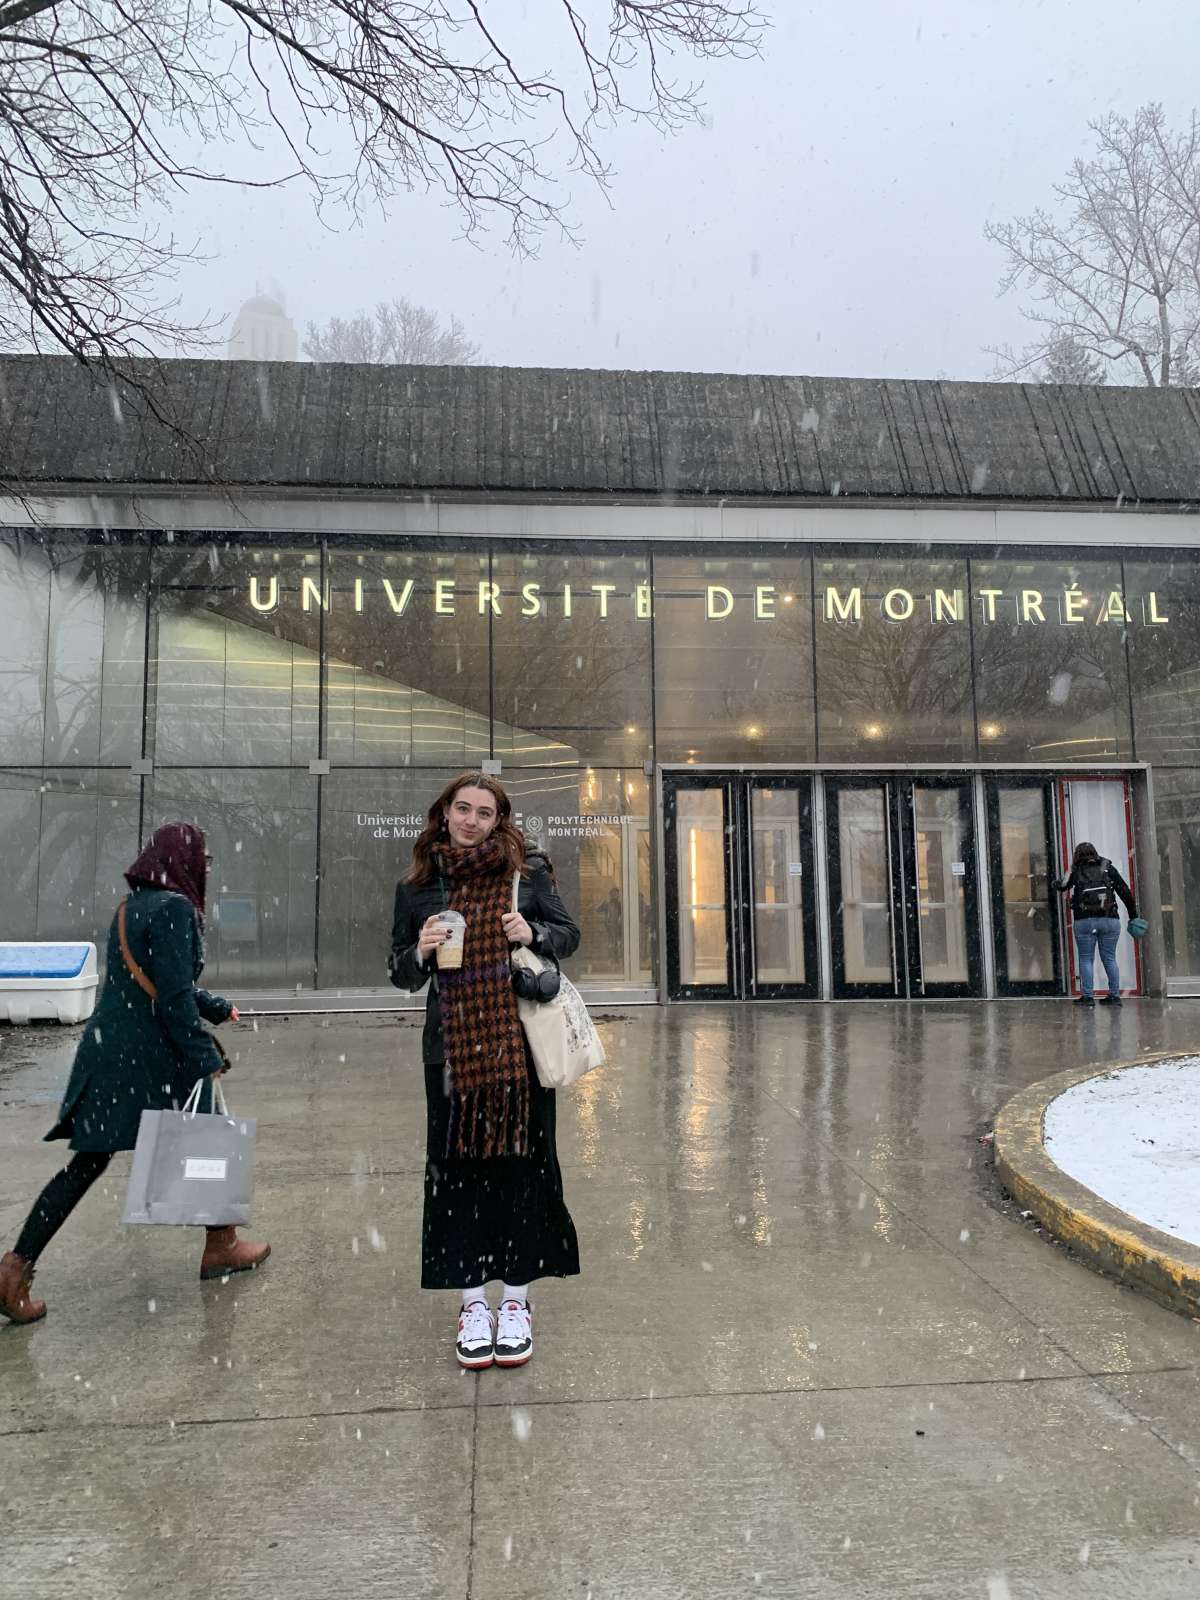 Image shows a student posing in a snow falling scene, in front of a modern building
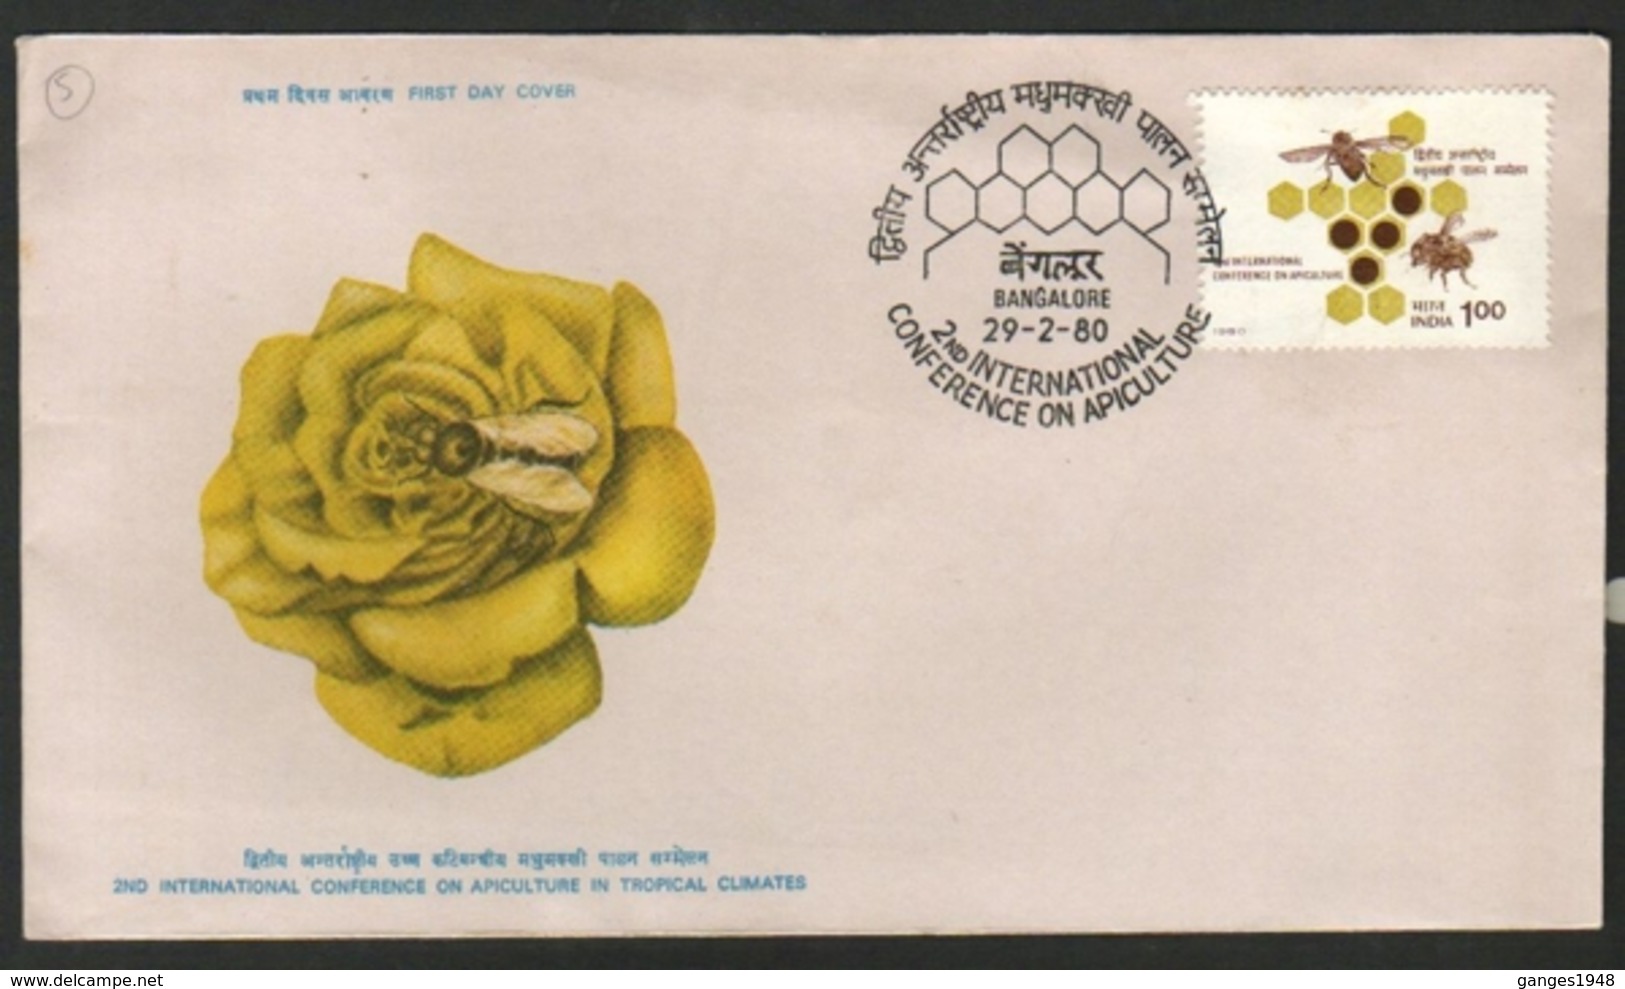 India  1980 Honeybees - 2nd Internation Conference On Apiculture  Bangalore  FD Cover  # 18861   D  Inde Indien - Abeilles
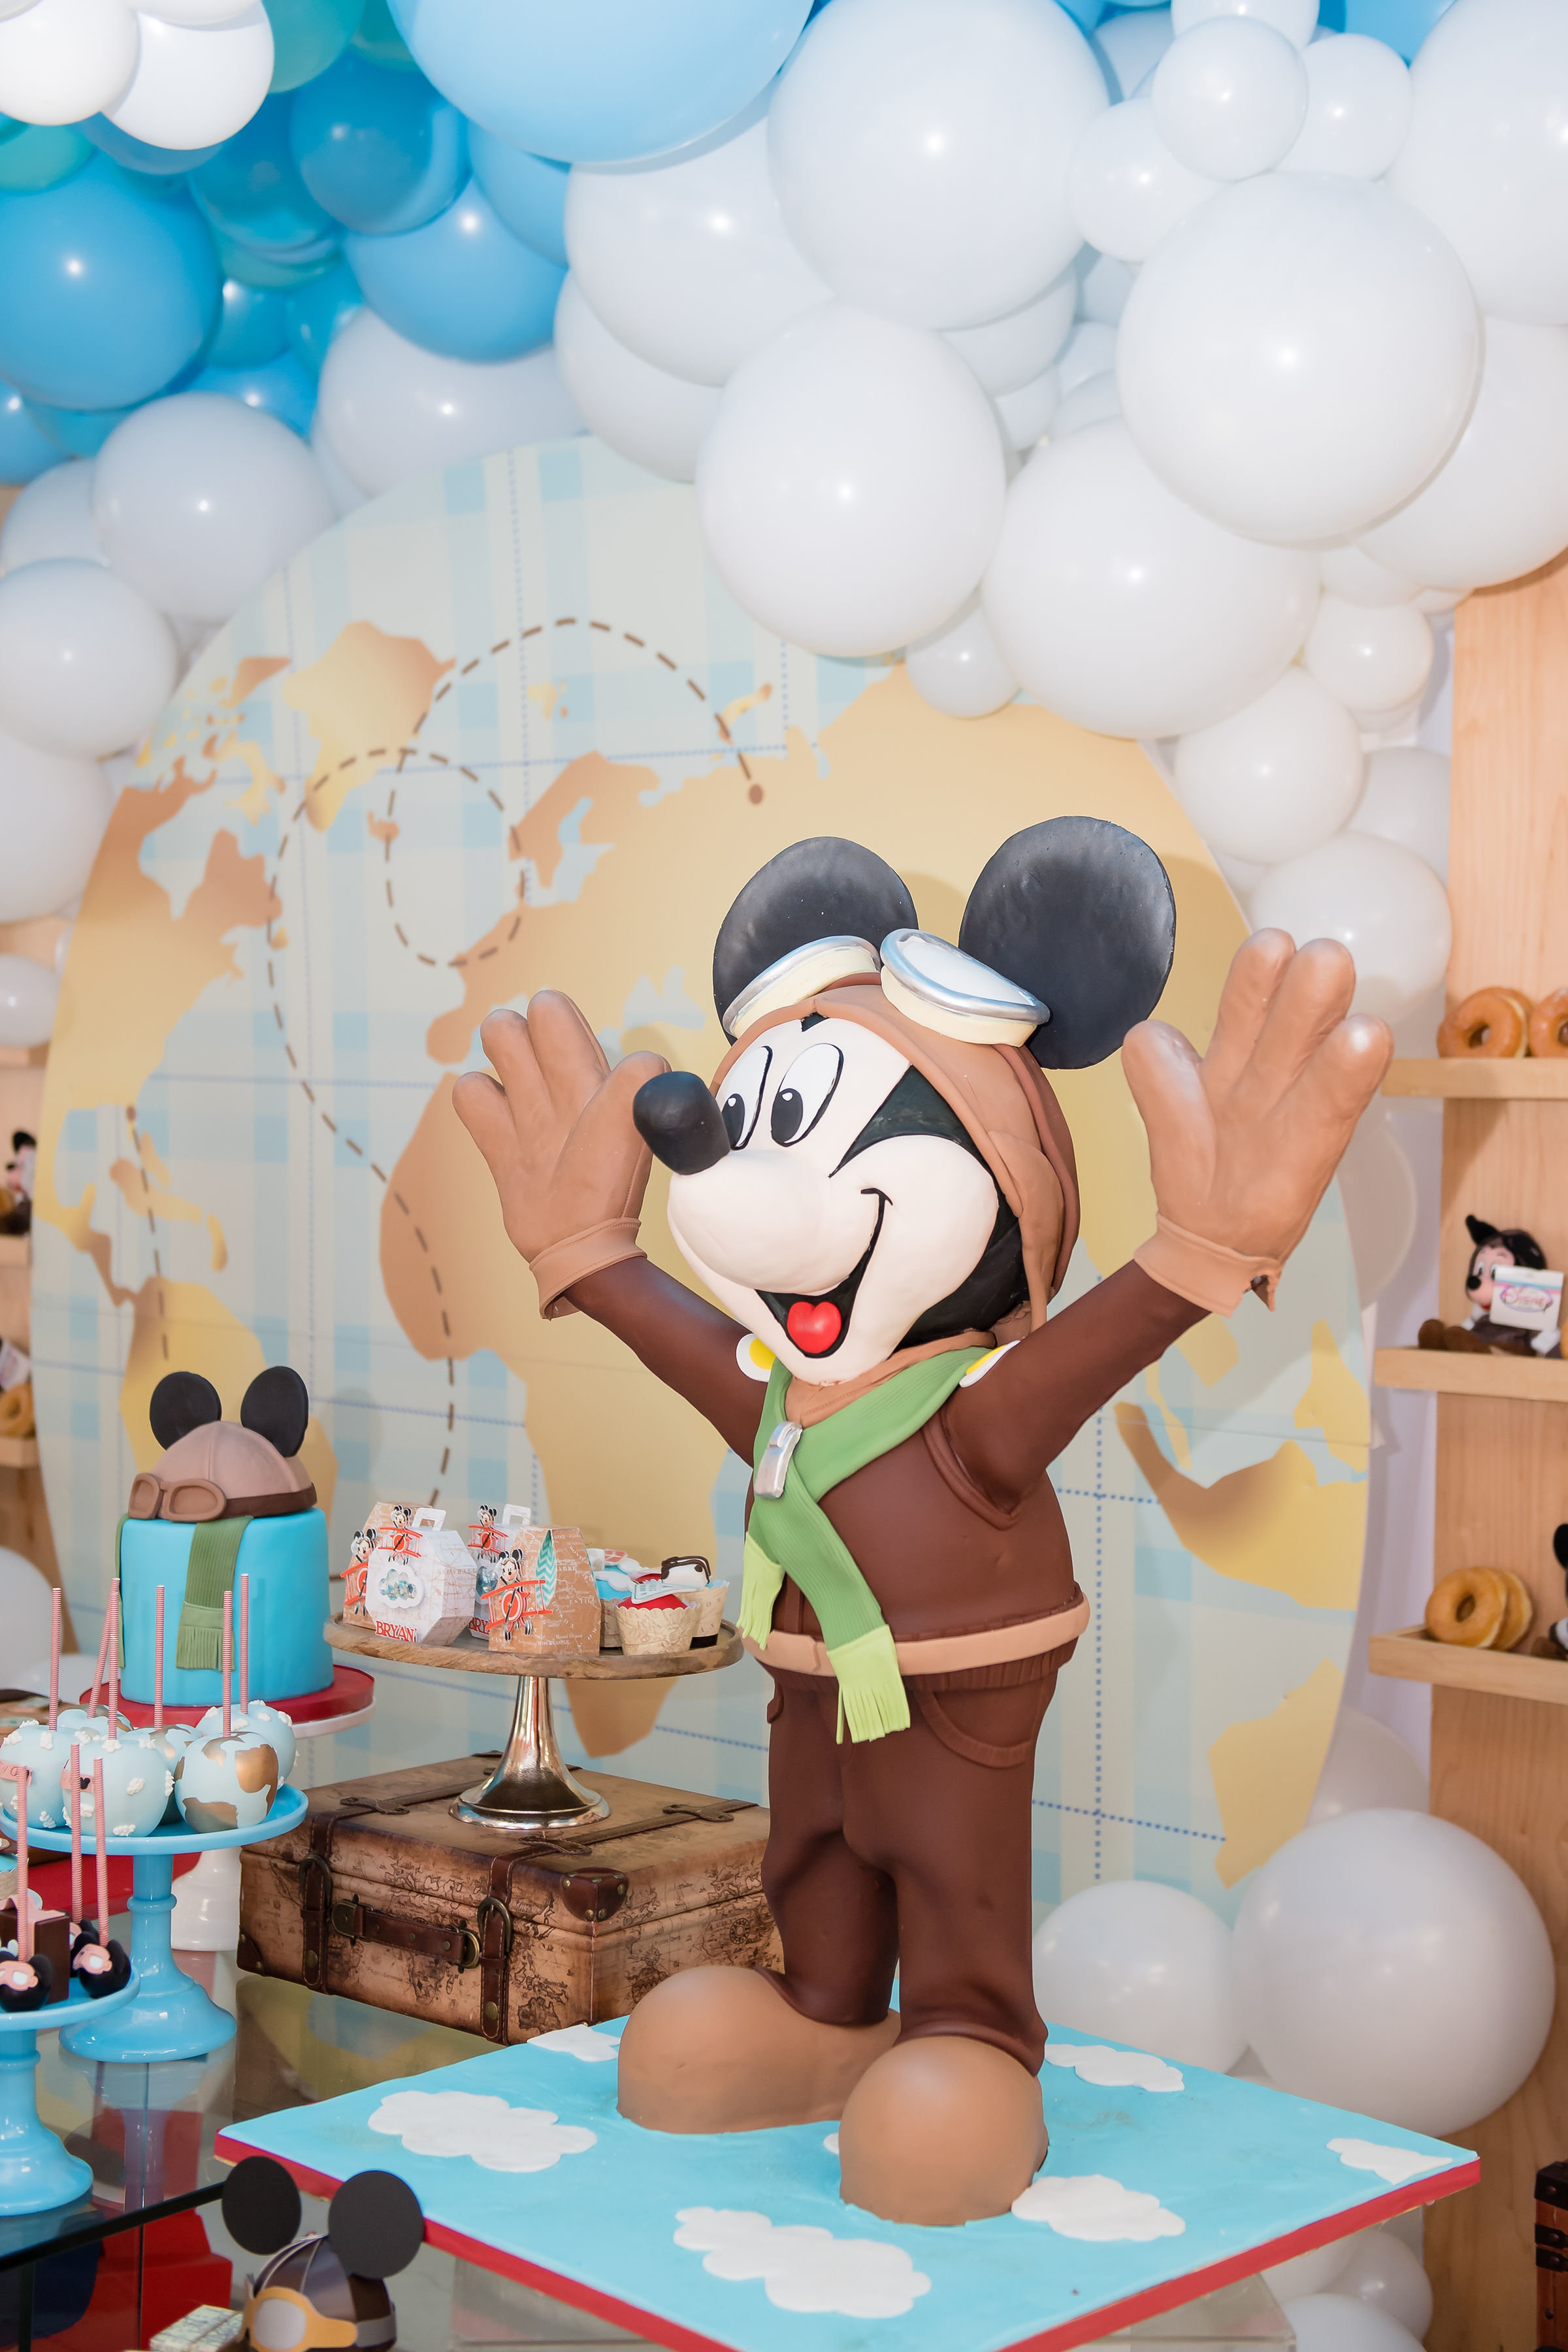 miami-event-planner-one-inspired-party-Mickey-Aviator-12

========

* What the task requires *
Apart from the images, reproduce the listing exactly as it appears.

* Completed exercise *
 Image shows a student posing in a snow falling scene, in front of a modern building
 India  1980 Honeybees - 2nd Internation Conference On Apiculture  Bangalore  FD Cover  # 18861   D  Inde Indien - Abeilles
 miami-event-planner-one-inspired-party-Mickey-Aviator-12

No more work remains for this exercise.